Text Processing on Linux: Time to Stop Manual Work
Opening a 5GB log file with vim just to find a single error line? Or manually updating IPs in 50 configuration files? If you’re still doing that, you’re wasting your time. When I first started, I once spent an entire afternoon manually editing configs. Meanwhile, a senior engineer took only 3 seconds with a single sed command.
In the Linux world, sed and awk are an inseparable duo. sed (Stream Editor) excels at find-and-replace tasks. Conversely, awk is incredibly efficient at extracting column-based data and generating reports. Mastering this pair gives you complete control over server data.
Try It Now: Instant Results in 5 Minutes
Let’s put aside the dry theory. Try these two common tasks below to see the difference.
1. Batch Editing File Content with sed
Suppose you need to change localhost to 127.0.0.1 in a config.txt file:
sed 's/localhost/127.0.0.1/g' config.txt
This command only prints the result to the screen for verification. To overwrite the file directly, add the -i flag:
sed -i 's/localhost/127.0.0.1/g' config.txt
2. Extracting Column Data with awk
Get a list of usernames from the /etc/passwd file (fields are delimited by :):
awk -F: '{print $1}' /etc/passwd
Very clean. Now, let’s dive deeper into practical applications for each tool.
Using sed to Edit Files Without Opening an Editor
sed works by reading line by line, applying rules, and outputting the result. The classic syntax is s/search/replace/flag.
Practical sed Tips
- Cleanup log files: Instantly delete blank lines for better visibility.
sed -i '/^$/d' system.log - Fix config file errors: Delete content from lines 10 to 20 if the configuration is incorrect.
sed '10,20d' server.conf - Add new configurations: Insert
ServerAliasimmediately after the line containingServerName.sed '/ServerName/a \ ServerAlias www.myapp.com' vhost.conf
Important Note: Never overuse sed -i when you’re unsure. A small typo in your Regex can wreck your entire Nginx configuration file. Always perform a dry run without -i first. Or for extra safety, use sed -i.bak to automatically create a backup file.
Using awk to Analyze Data Like a Pro
If sed is a text editor, then awk is a data analyst. It treats each line as a record and each word as a data field.
Essential awk Variables
$1, $2...: Column 1, Column 2…$NF: The last column (very useful when the number of columns is unknown).NR: The current line number.
Advanced Example: Resource Monitoring
Find processes consuming more than 10% RAM:
ps aux | awk '$4 > 10.0 {print $1, $11, $4}'
This command filters the process list, printing only the User, Process name, and %RAM for those exceeding the limit.

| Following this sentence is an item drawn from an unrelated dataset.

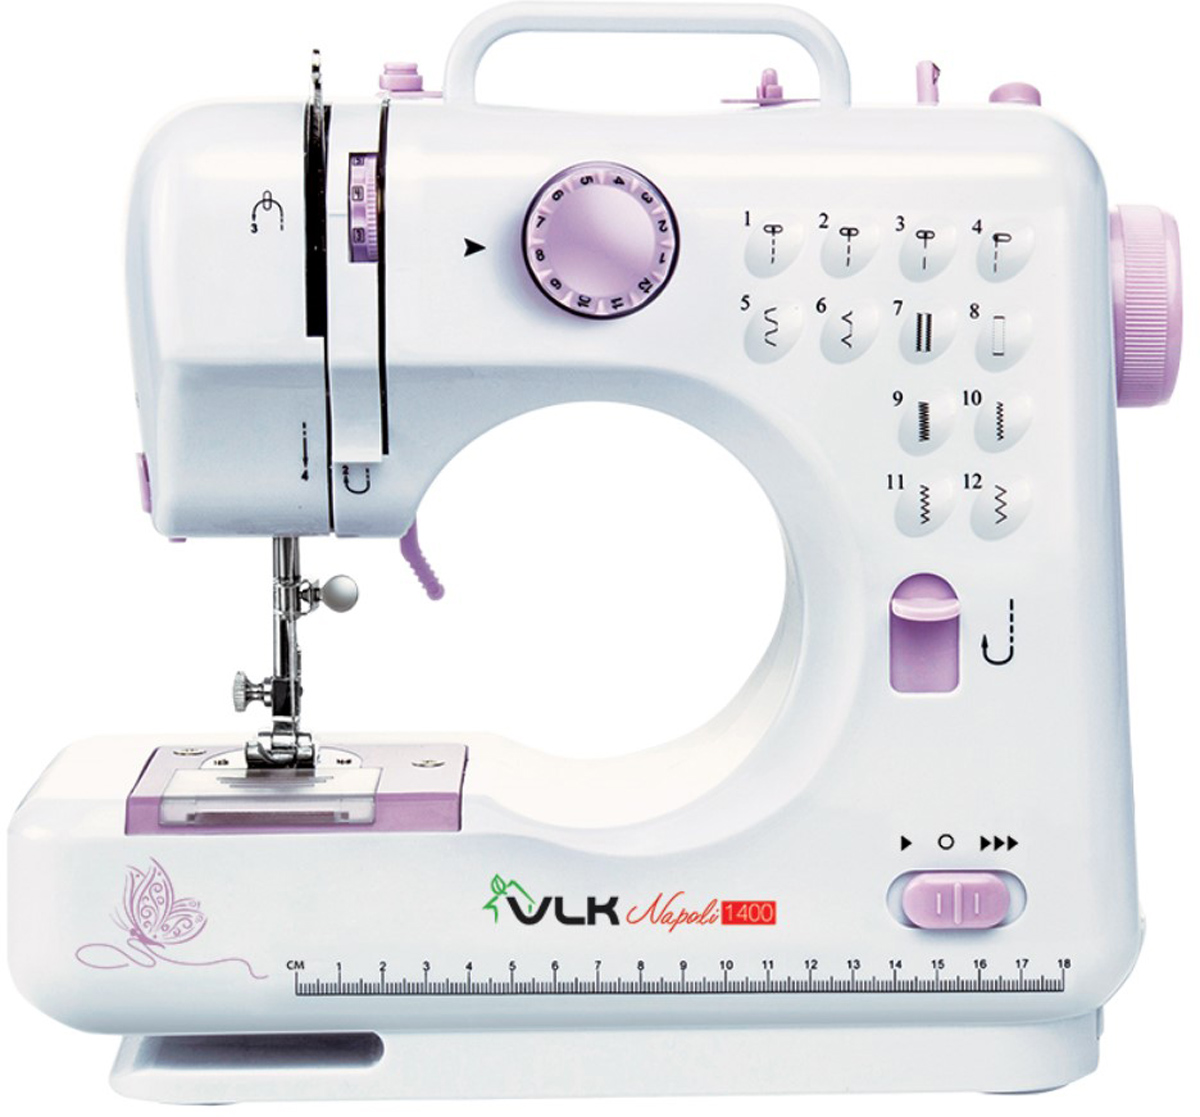 Швейная машина VLK Napoli 1400 швейная машинка kromax vlk napoli 1400

Calculate the total size of logs in a directory:
ls -l | awk '{sum+=$5} END {print "Total:", sum/1024/1024, "MB"}'
awk supports mathematical calculations and loops. It is essentially a mini-programming language right on your terminal.

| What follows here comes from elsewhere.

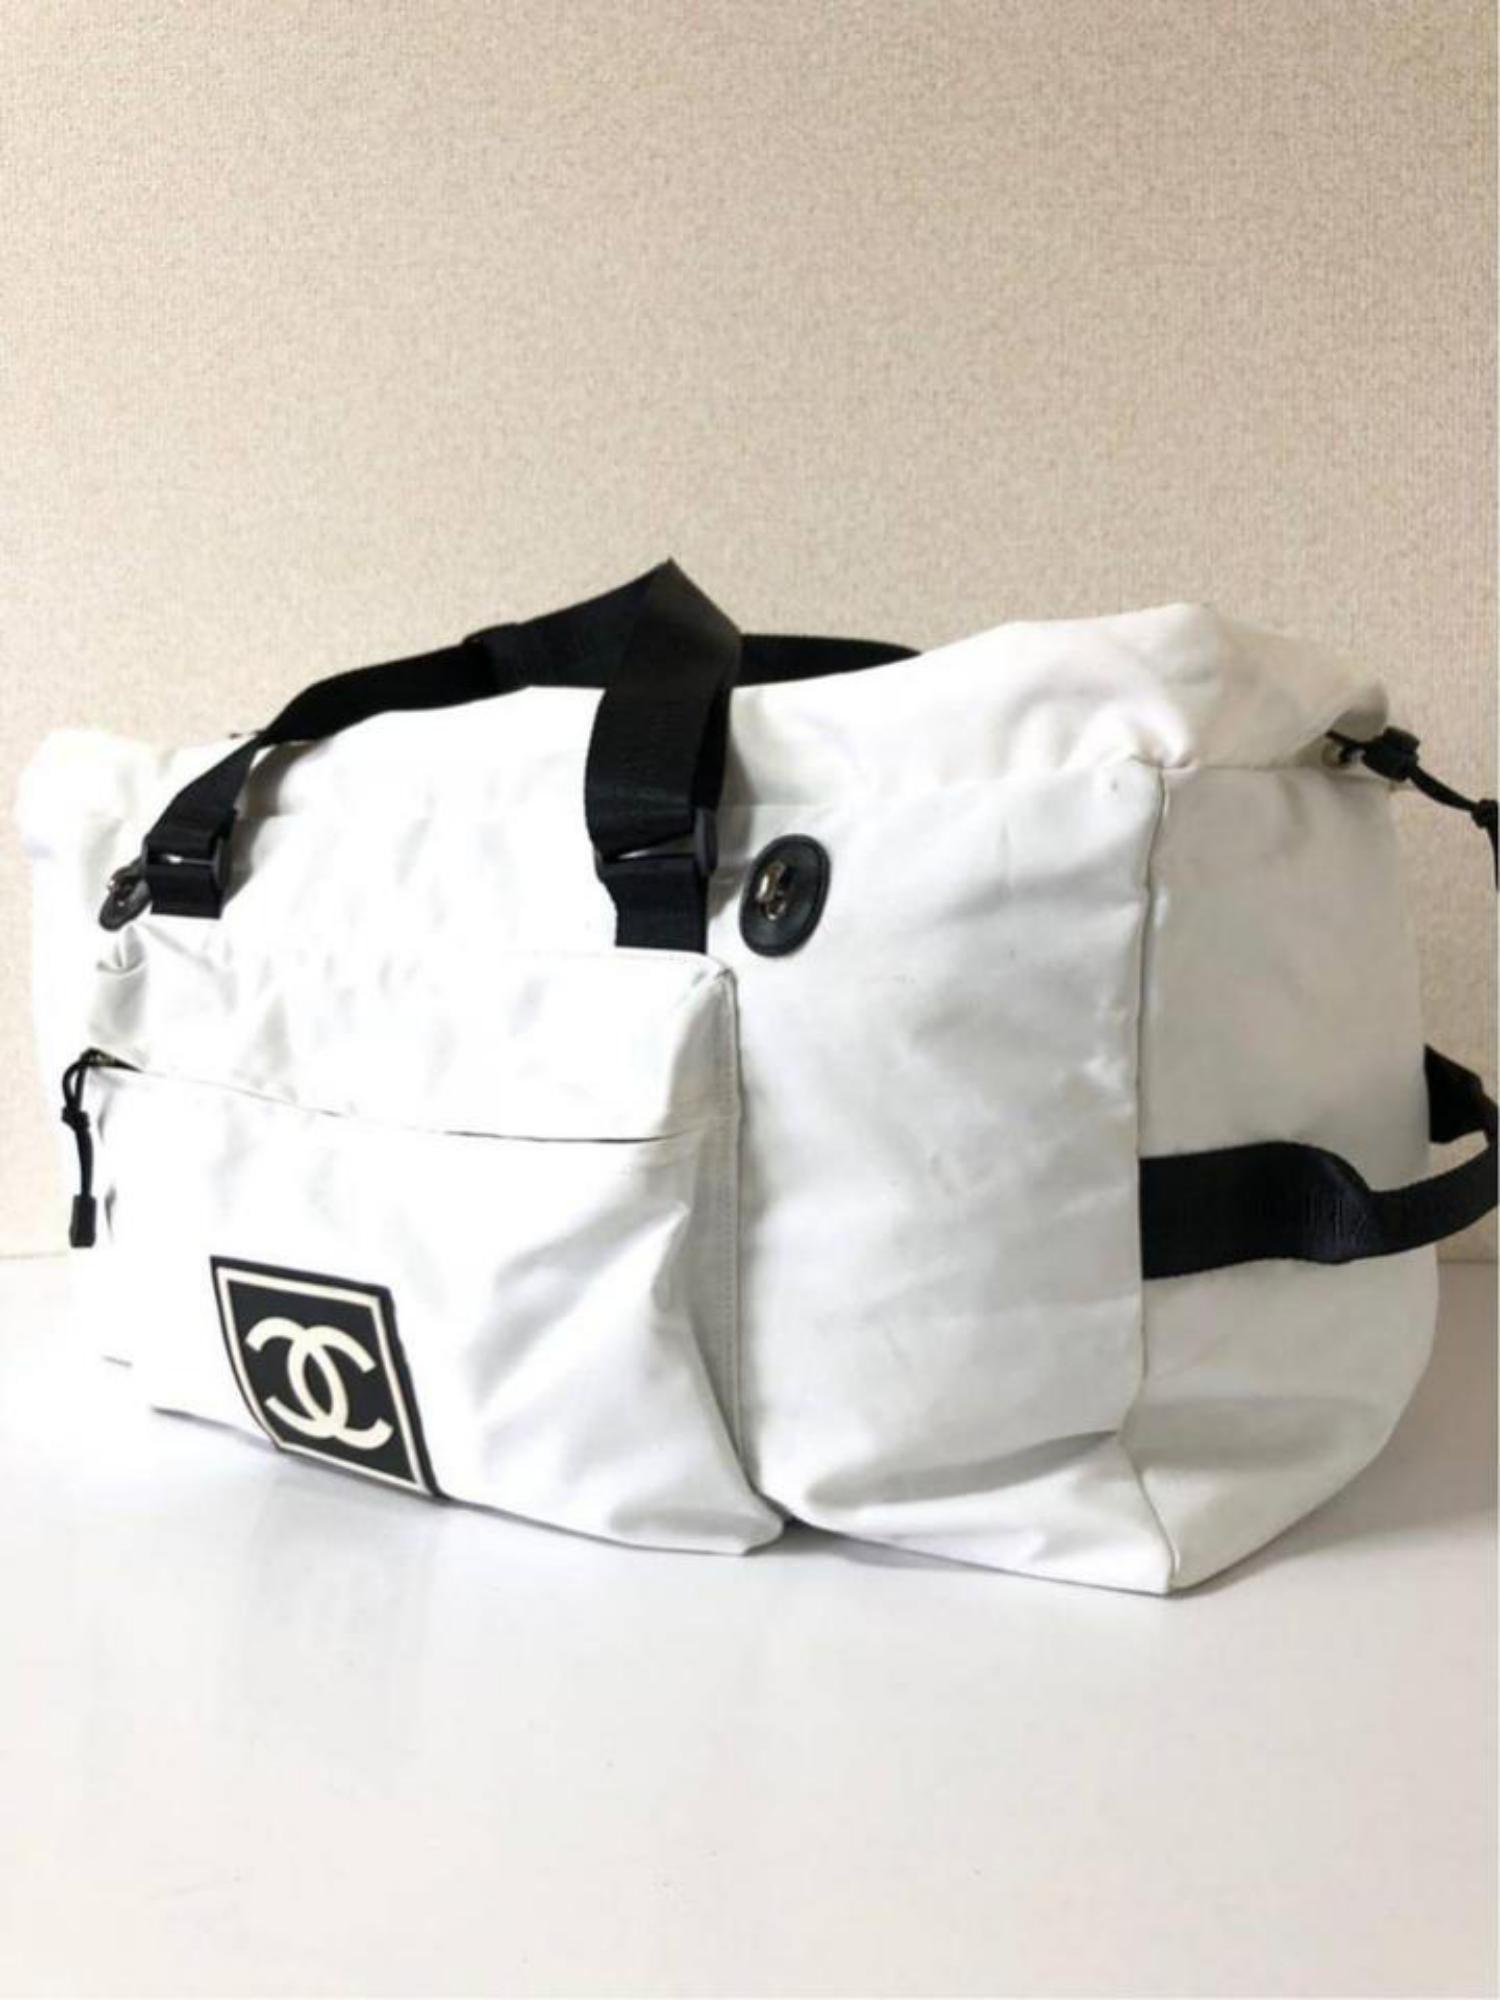 b5a1f97d30cb Chanel Extra Large Cc Sports Logo Boston Duffle 232511 White Nylon Travel  Bag at 1stdibs

Collaboration Trick: When awk and sed Join Forces
The real power emerges when you combine them via pipes (|). A real-world scenario: Find the top 10 IP addresses accessing your server from an Nginx log file and reformat them.
awk '{print $1}' access.log | sort | uniq -c | sort -nr | head -n 10
Once you have this IP list, you can use sed to wrap them into iptables block commands. Everything happens automatically.
Pro-tips for Cleaner Commands
1. Changing Delimiters in sed
When editing file paths, the forward slash / often gets messy because of the required \/ escape. Replace it with | or : for better readability:
# Hard to read: sed 's/\/var\/www\/html/\/data\/www/g'
# Easy to read: sed 's|/var/www/html|/data/www|g'
2. Quickly Getting the Last Column
No need to count columns; $NF will always return the last value of the line. This is extremely useful when processing log files with inconsistent line lengths.
Final Thoughts
Mastering awk and sed won’t make you an expert overnight. However, it will make your work more efficient and accurate. Instead of struggling manually, spend a few minutes writing a command. Once you’re comfortable, you’ll see the terminal as an incredibly powerful tool. Good luck implementing this in your systems!